WASHINGTON/BEIJING (Reuters) - U.S. President Donald Trump on Tuesday defended the use of tariffs as part of his trade strategy while China vowed a tough response if the United States insists on escalating trade tensions amid ongoing negotiations.
The United States kicked off a tariff battle with China in 2018, seeking sweeping structural changes from Beijing. But tensions between Washington and Beijing rose sharply in May after the Trump administration accused China of reneging on promises to make structural economic changes during months of trade talks.
“Tariffs are a great negotiating tool,” Trump tweeted, one day after saying he was ready to impose another round of punitive tariffs on China.
On Monday, the Republican president said he would raise tariffs on Chinese imports further if he cannot make progress in trade talks with Chinese President Xi Jinping at the G20 summit later this month.
Trump has repeatedly said he is getting ready to meet Xi at the summit in Osaka, Japan, at the end of June, but China has not confirmed it.
Chinese Foreign Ministry spokesman Geng Shuang again would not be drawn into confirming a Xi-Trump meeting at G20, saying information would be released once it was available to the foreign ministry.
“China does not want to fight a trade war, but we are not afraid of fighting a trade war,” he said, adding China’s door was open to talks based on equality.
“If the United States only wants to escalate trade frictions, we will resolutely respond and fight to the end.”
Last week, Trump said he would decide after G20, the meeting of the leaders of the world’s largest economies, whether to carry out a threat to impose tariffs on an additional $300 billion in Chinese goods.
Trump is buoyed by his self-declared victory following a days-long battle with Mexico after he threatened to impose tariffs unless Mexican authorities did more to stem the migrant flow across the U.S.-Mexico border.
The dual fights have pitted the Trump administration against its top two trading partners.

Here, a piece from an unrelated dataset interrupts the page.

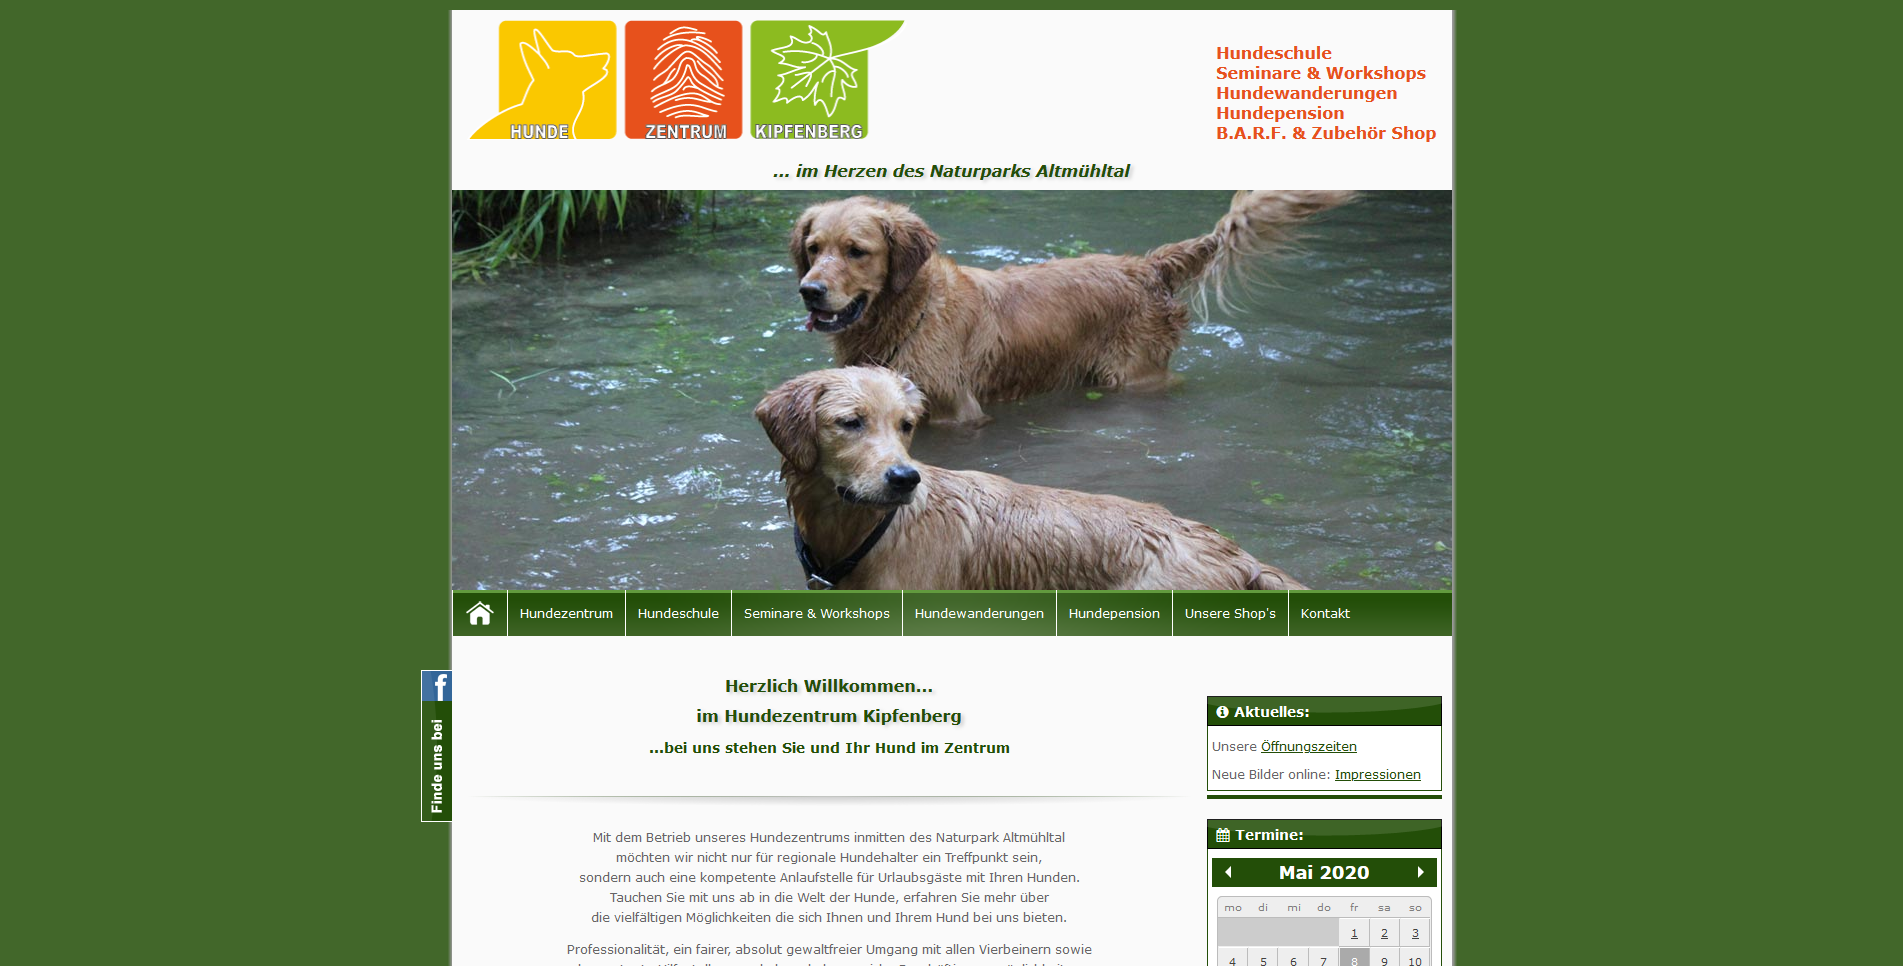 HundeZentrum Kipfenberg

Washington is pressing Beijing to address concerns over forced technology transfers and theft of U.S. trade secrets. It also wants curbs on subsidies for Chinese state-owned enterprises and better access for U.S. firms to Chinese markets.
On May 10, Trump raised tariffs on $200 billion of Chinese goods to 25% and took steps to levy duties on the additional $300 billion in Chinese imports. Beijing retaliated with tariff hikes on a revised list of $60 billion in U.S. goods.

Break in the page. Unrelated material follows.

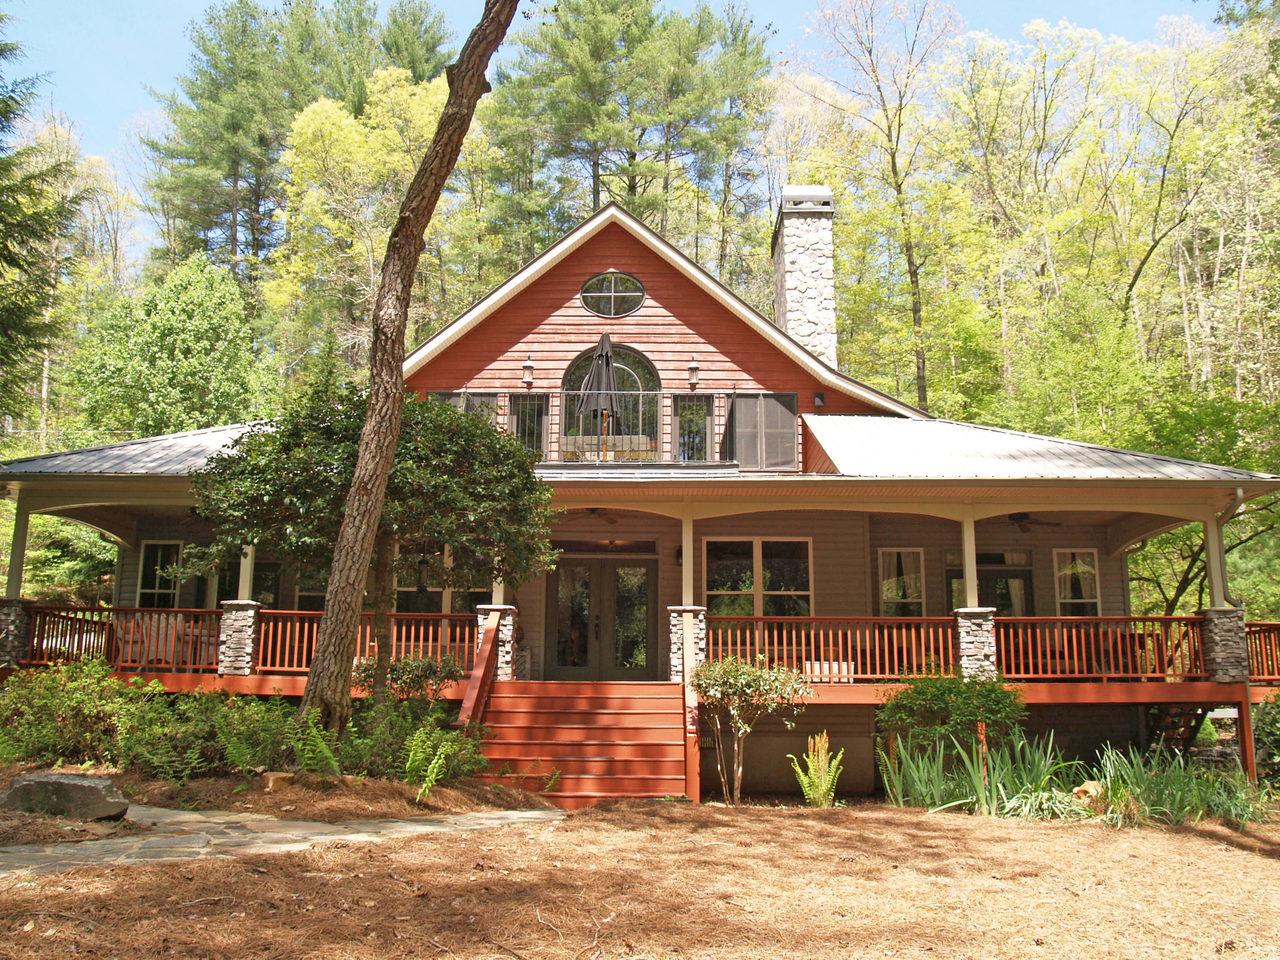 443 River Drive, Dahlonega, Georgia 30533

U.S. Commerce Secretary Wilbur Ross on Tuesday downplayed the likelihood of resolving the dispute at the G20 summit, saying it would not be “a place where anyone makes a definitive deal.”

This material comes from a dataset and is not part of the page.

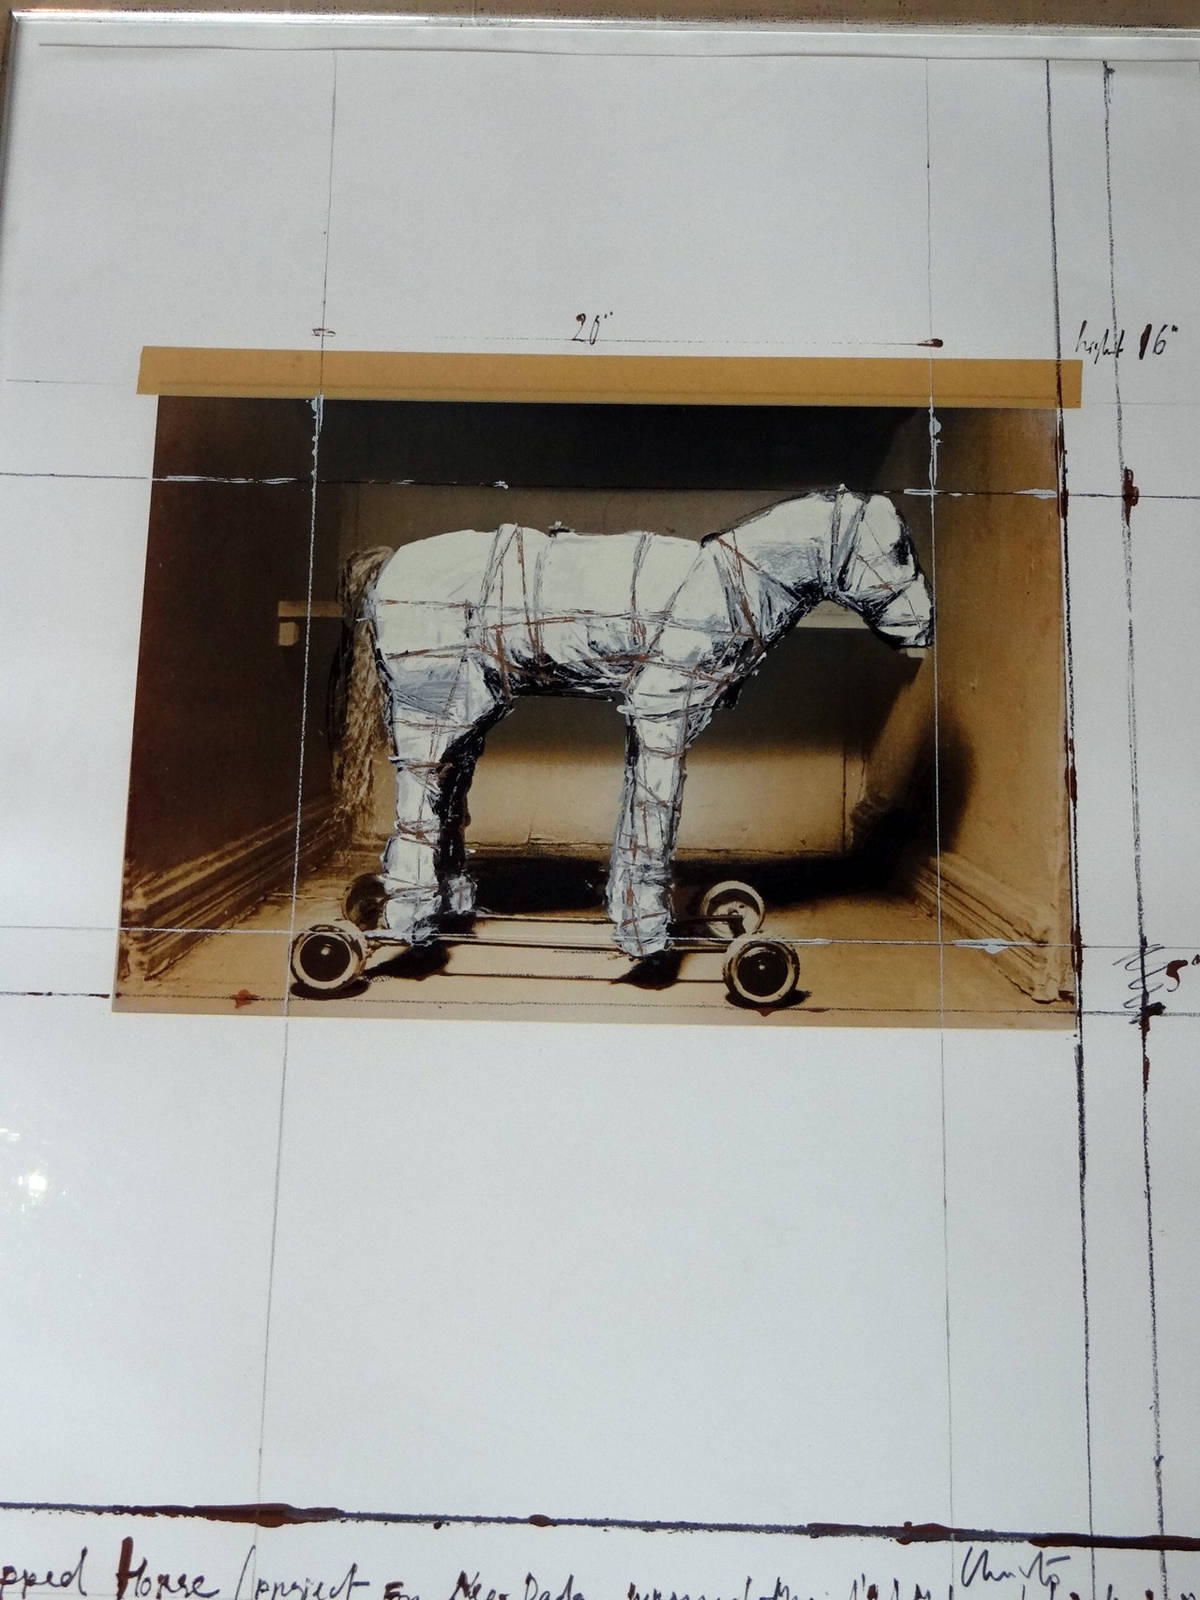 Christo Wrapped horse

“At the G20, at most it will be ... some sort of agreement on a path forward, but certainly it’s not going to be a definite agreement,” Ross told CNBC.
The White House’s top economic adviser Larry Kudlow echoed that sentiment in an interview with CNBC, saying he was hopeful the two presidents would meet at the G20 summit and be able to salvage the discussions.
The two sides were “about 90 percent home” on a “great deal” when the talks fell apart a month ago, Kudlow said.
“We’d like to go back to where we were a month ago, where we have a very good basis,” Kudlow said.
Terry Branstad, the U.S. ambassador to China, was scheduled to meet with U.S. Vice President Mike Pence in Washington on Tuesday amid the ongoing negotiations.
The U.S. government has also angered China by putting Huawei Technologies Co Ltd, the world’s biggest telecoms equipment maker, on a blacklist that effectively bans U.S. companies from doing business with the Chinese firm.
Investors worry China will retaliate by putting U.S. companies on a blacklist or banning exports to the United States of rare earth metals, which are used in products such as memory chips, rechargeable batteries and cellphones.